The UN proved impotent to take any efficient action as Russia is a member of the organization's Security Council and vetoes any moves the diplomats make to stop the war.

  1. What is the US reaction?

The US condemned Russia's actions from day one and started massive supplies of anti-tank and anti-aircraft weapons to Ukraine, along with financial support. It also imposed a wide range of sanctions on Russia to undermine its economic power.

  1. What is the world's reaction?

The European Union, Great Britain, Australia, Japan, and dozens of other countries worldwide (including Switzerland that remained neutral since 1815) imposed severe economic sanctions on Russia. Over two dozen countries closed their airspace for Russian airplanes. Every day, more and more countries join the international effort to help Ukraine and send weapons, military equipment, medical and other humanitarian supplies. Even microstate Luxembourg, which has an army of less than 500 professional soldiers, is sending anti-tank weapons and jeeps to Ukraine. Also, Russian state information resources are blocked across the world, Russian sports teams and individual athletes are excluded from international competitions.

On the other hand, Russia's actions gained support from Belorussia (joined the offensive on Ukraine), Armenia, Kazakhstan, Kyrgyzstan, Tajikistan (all – former Soviet republics with non-democratic regimes and close economic ties with Russia), Cuba, Nicaragua, and Venezuela.

  1. Where to get credible information about this war?

Virtually any American news channel. The vast majority of them have correspondents in Ukraine, as well as various experts commenting on the situation. Also, BBC is traditionally strong in covering conflicts anywhere in the world, including the Russian-Ukrainian war. If you prefer social media, try these hashtags on Twitter, Instagram, Facebook and others: #stoprussia, #ukrainerussiawar, #warinukraine, #ukraineinvasion, #ukraineunderattack. Keep in mind, though, that this way doesn't guarantee that all the information there is credible; plus, there might be a lot of 18+ violent materials.

  1. Why does it matter to me personally?

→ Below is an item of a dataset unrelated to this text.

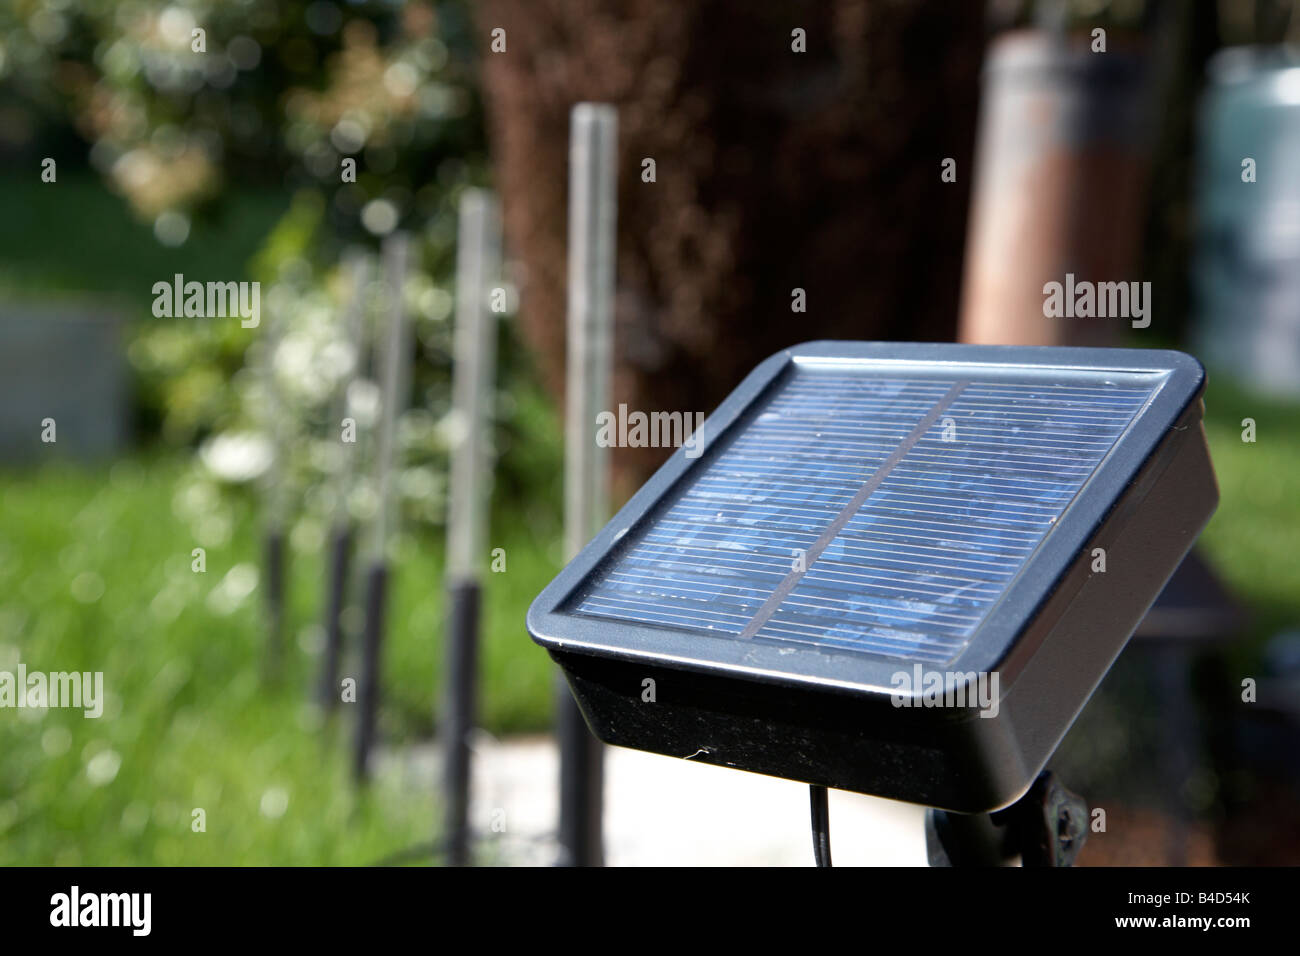 solar garden lighting being used to light pathway in garden in the uk - Stock Image

Well, the thing is, it could matter personally for each and every living person on planet Earth. As we've already mentioned, Russia has put its nuclear forces on high alert. As I understand, after what Putin and the Russian military did within the last few weeks, no one can be sure of his and Russia's rational thinking. Even American officials raise questions about his mental stability over the war with Ukraine.

Another aspect of the issue is the fact that Ukraine has 4 active nuclear power plants (including the biggest one in Europe), and the Chornobyl nuclear facility, decommissioned after the explosion in 1986. Now the latter is captured by the Russian military that uses the plant's radiation-polluted exclusion zone to mount troops for the offensive on Ukraine's capital Kyiv (it's roughly 100 miles). If any of these nuclear facilities are damaged as a result of combat, this could result in a global-scale disaster.

  1. What can I do?

For all that I've learned about the Russian-Ukrainian war, I can say that it is Ukraine that needs global support. Thus, if you want to do something and think it could help to stop the war, you can spread the information about it via your social media and explain why it matters for everybody (see the previous point). You can also contact your government representative and urge them to take more proactive steps in resolving the conflict or imposing broader sanctions on the aggressor – Russia. Finally, you can donate to the Ukrainian charity fund "Come Back Alive" or the fundraising campaign "Save Ukraine" – these are two resources that I managed to verify so far.

I know this is not a text you usually read in our essay writing service blog, but once I found out about this tragedy, I just couldn't get by it. Let it be peace!